The move toward small towns was not just a romantic fixation. During the eighties, it was still popularly assumed that living country-style was part of the post- industrial reaction to complexity and technology, and that those who left the urban areas were slightly nostalgic if not Luddite. When the 1990 Census showed how dramatic the shift had become, it became clearer that the migration was in fact a reversal of the economic considerations that had driven families off the land in the first place. The cities no longer offered the best jobs, the most security, or the richest lifestyle. They had become so burdened by scale and infrastructure costs that they could no longer support their populations with services and security. Police were beefed up, but streets were dirtier. Teachers were better paid, but the schools were dangerous. Housing was available, but rents were expensive. Food was costly, tension unbearable, and smog unabated.

As the migration to rural America proceeded, it took with it many small businesses – manufacturing, service, and communication. Many people left with their employers en masse to find a better environment. Electronics companies continued to be the growth industry they were in the eighties, and their technology allowed them the privilege of remoteness since they relied little upon steel, trucking, railroads, and freeways. When a small, high-tech company moved to a small town, a ripple effect typically produced a new food store, bookstore, and bakery, as well as a bicycle shop, graphics and design studio, printing press, community garden project, a babysitting co-op, a musical society, and a new surge of community activity in local schools. Each migration and settlement had its tensions, problems, and transitional crises, but there was no question that the hybridization of country folk with city folk in small towns and villages produced a vital environment that was very attractive. Instead of pouring money into the cities, many people hedged their urban bets by putting money into their own favorite town and looked forward to the time they would move to it.
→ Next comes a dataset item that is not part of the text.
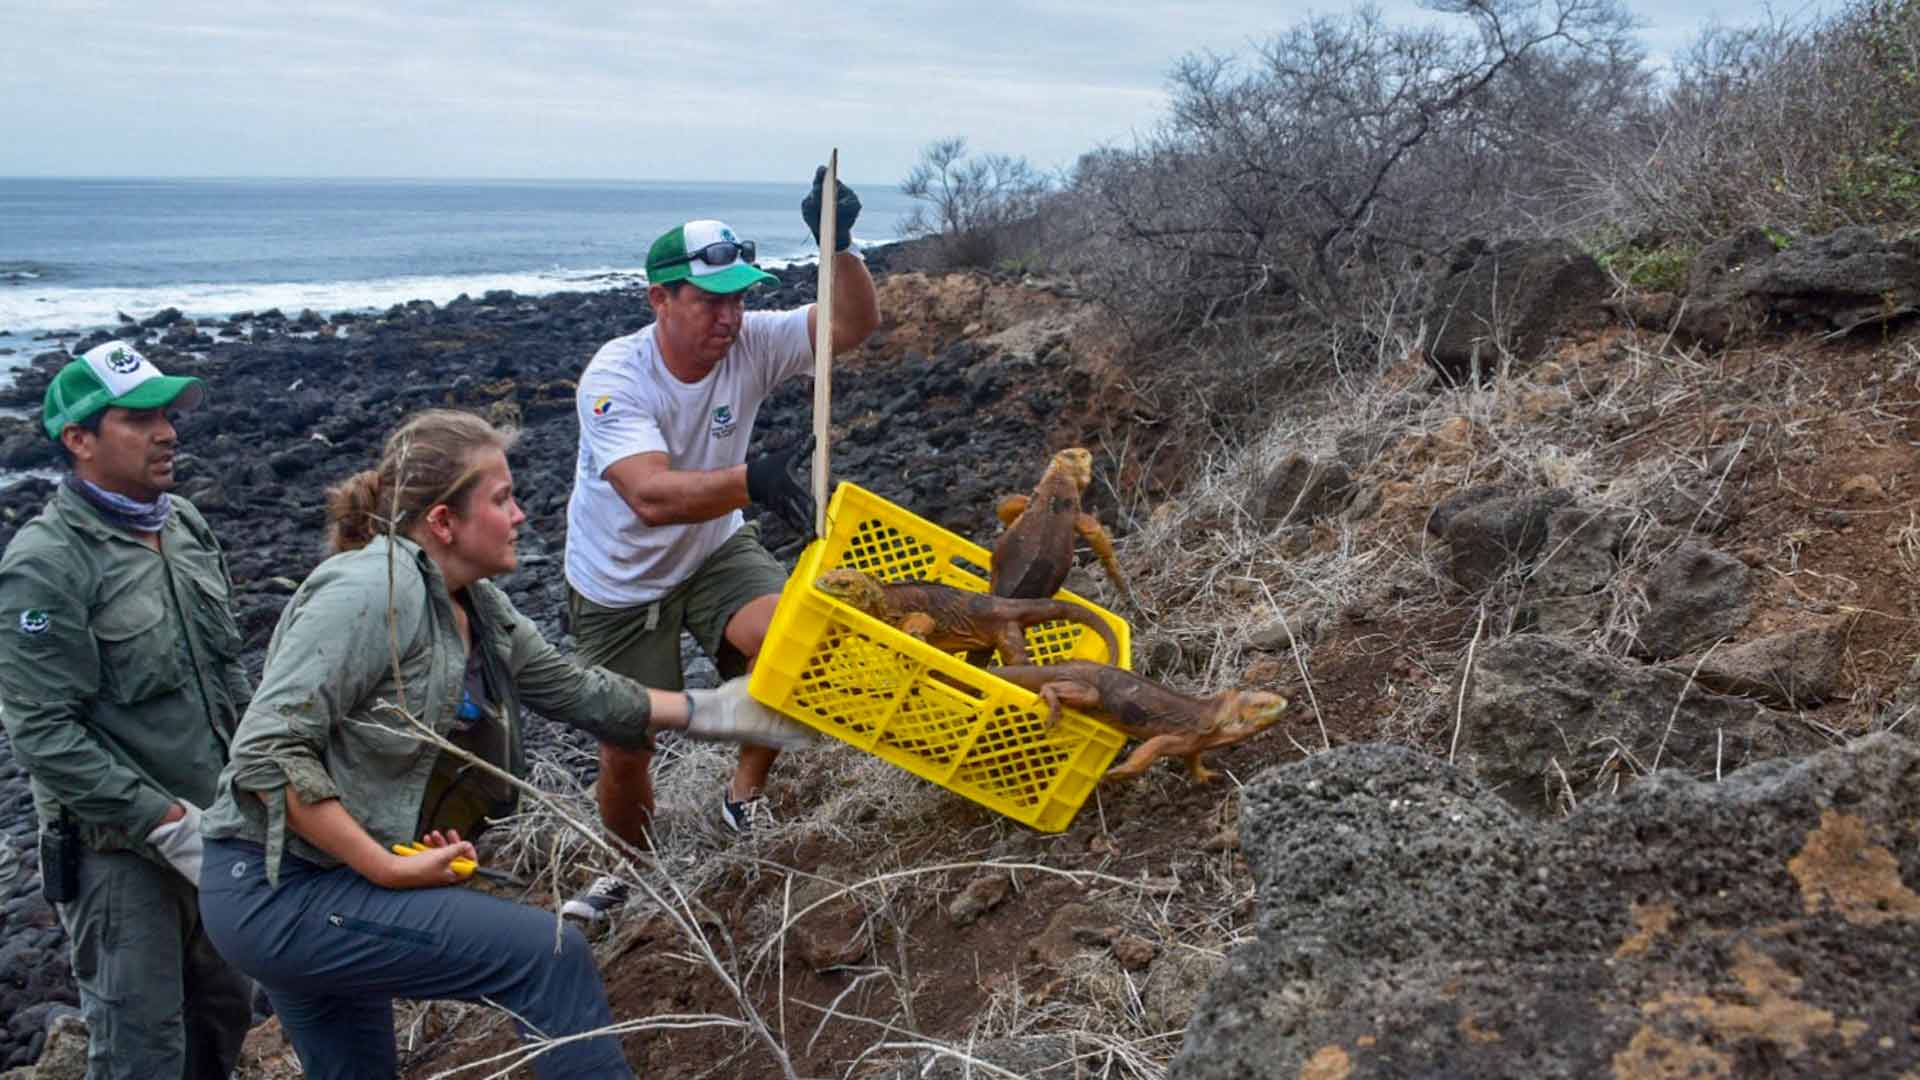 La reintroducción de iguanas ayudará a recuperar el ecosistema de las Islas Galápagos
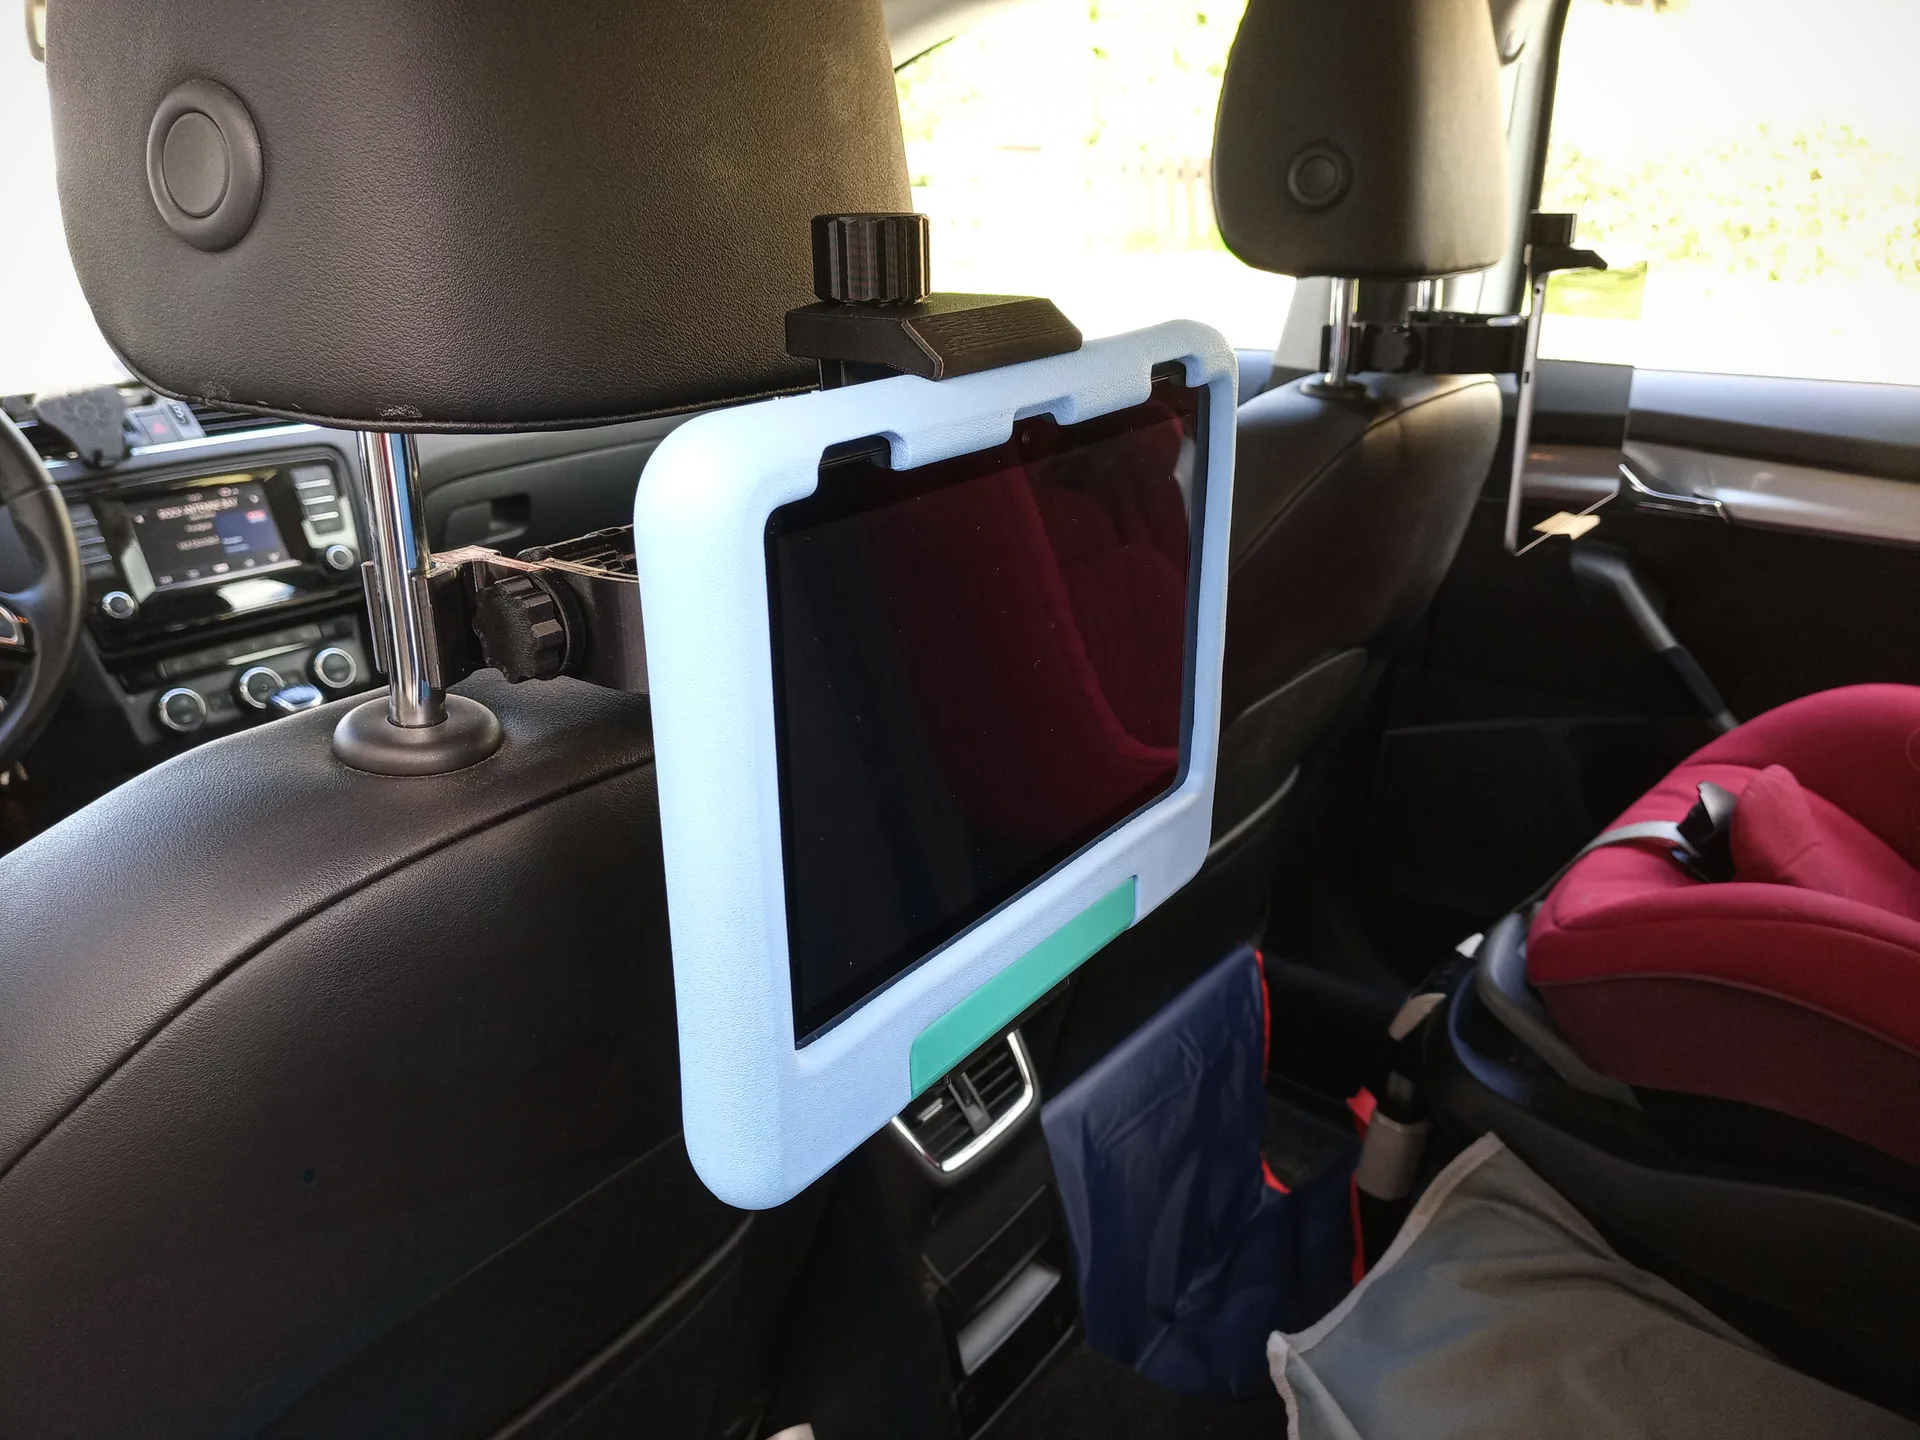 Universal tablet holder for cars/headrest by Bananenminister

Many who attempted the transition failed. Some could not adapt to lower wages or to the more modest lifestyle. Others missed the tension they had once dreaded. Others simply did not get along, refused to learn the lesson of smalltown diplomacy, and soon found themselves none too subtly ostracized for untoward remarks and actions. Long hair was never a problem in these resettlement activities, but big mouths were.

In the suburbs the change was not as dramatic. While the suburbs experienced some of the plight of the cities – higher transportation and food costs, rising crime and unemployment – they also had some of the advantages of the rural areas in that people had backyards, garages, and, in some cases, small workshops where they could produce for many of their own and their neighbor’s needs. The more affluent suburbs seemed to hang onto their image of how things ought to be. Their voters refused to allow small businesses to operate from homes, or food to be grown on school lawns. Otherwise suburbs made whatever adaptive measures were necessary and prudent. People did sewing, tailoring, and sharpening in their homes. Many front lawns became gardens, and food was prominent at flea markets.

By the mid-nineties, a three-tiered society was easily divisible by geography. While government concentrated on industry, production, and resource allocation, the cities saw their condition deteriorate with little taxpayer sympathy from either Washington or the states. Suburbs that had access to viable industries saw a modest decline in living standards and a tremendous increase in community participation in government, policing, services, and planning. The rural areas that offered good living conditions in terms of food, liberal building codes, friendly people, and ample resources, saw their stock soar. Rural America became the queen of the nineties.